Marcgravia evenia

Scientific classification
- Kingdom: Plantae
- Clade: Embryophytes
- Clade: Tracheophytes
- Clade: Spermatophytes
- Clade: Angiosperms
- Clade: Eudicots
- Clade: Asterids
- Order: Ericales
- Family: Marcgraviaceae
- Genus: Marcgravia
- Species: M. evenia
- Binomial name: Marcgravia evenia Krug & Urb.

= Marcgravia evenia =

- Genus: Marcgravia
- Species: evenia
- Authority: Krug & Urb.

Species of vine

Marcgravia evenia is a species of flowering vine in the family Marcgraviaceae. Within this family it belongs to the Galetae group, which is characterized by a long inflorescence axis and boat shaped nectaries. The plant is endemic to Cuba. The inflorescence of M. evenia is extraordinary. At the upper end of the pendant inflorescence are several concave bracts set at an angle to reflect and focus sonar pulses from bats, helping the bats to locate the flowers. In the middle of the inflorescence is a discoid circle (or single-whorled umbel) of about twenty tubular tetramerous flowers. Below these is a second set of bracts very different from the reflective ones. These are modified into extrafloral nectaries which is why the bats are interested, and can be enlisted as pollinators. Inflorescences with two different kinds of bracts are quite rare, although the common poinsettia (Euphorbia pulcerima) is one such. M. evenia is the second vine discovered to be acoustically tailored to bats.
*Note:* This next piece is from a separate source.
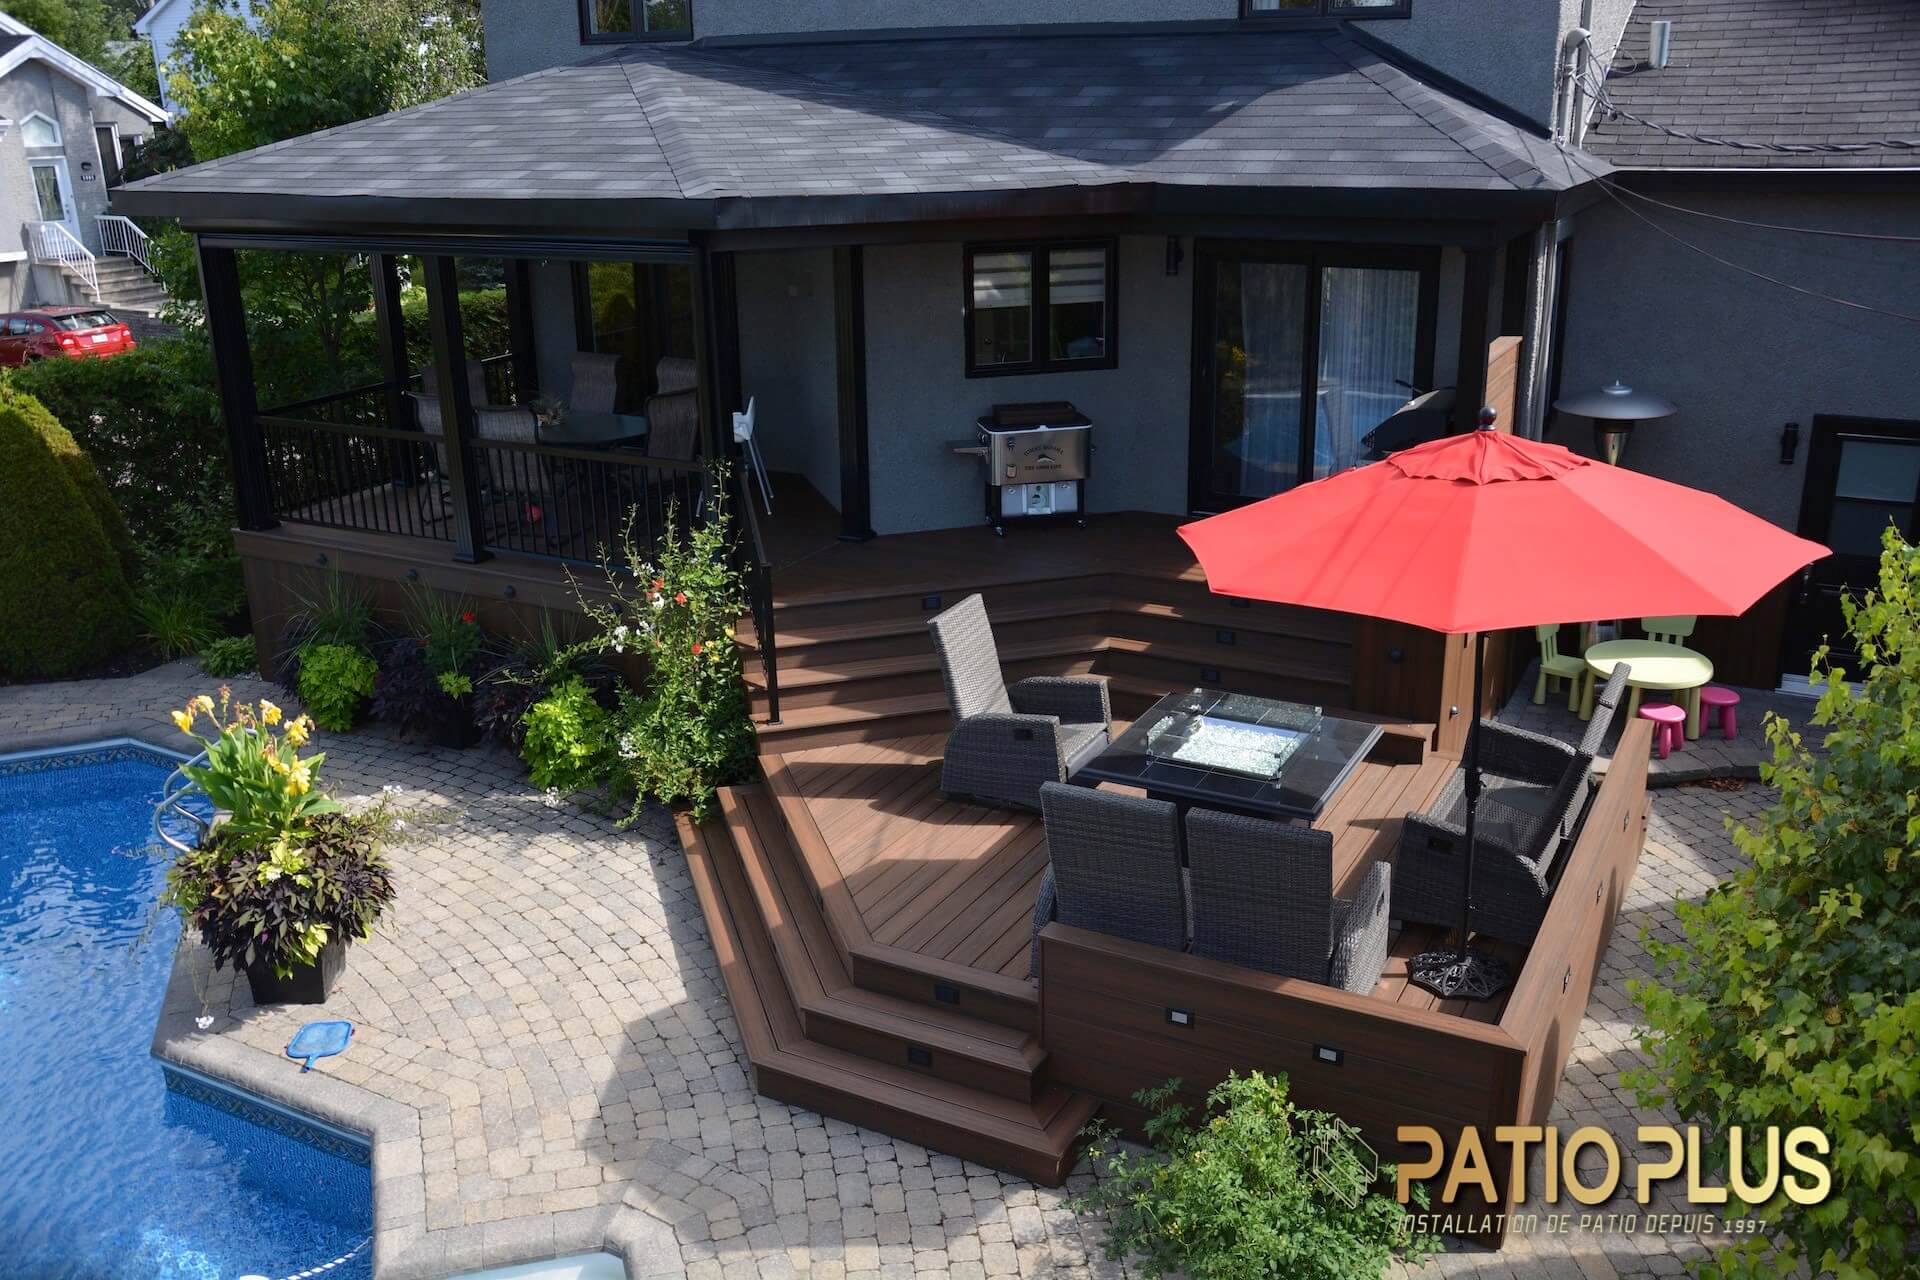 A contemporary design concept of patios with rooftop

The first is Mucuna holtonii.

==Bat ecology==
Marcgravia evenia relies on Monophyllus, a Cuban nectar-feeding bat, for pollination. To feed, the bat must squeeze its face between the down-turned, pollen-rich flowers and the nectar-filled pitcher that handg below. As it hovers, pollen is deposited on its back. This plant has evolved bowl shaped leaves which act as reflectors for a bat's biosonar. This helps the bats to find the plants with greater ease and hence pollinate them with more frequency. The shape of the leaves also helps to guide the bats in locating the hidden feeders. The reflectors are convergent with those of a Bornean pitcher plant, Nepenthes hemsleyana, that attracts bats to its pitchers as roosting sites and uses bat guano as a source of nutrition.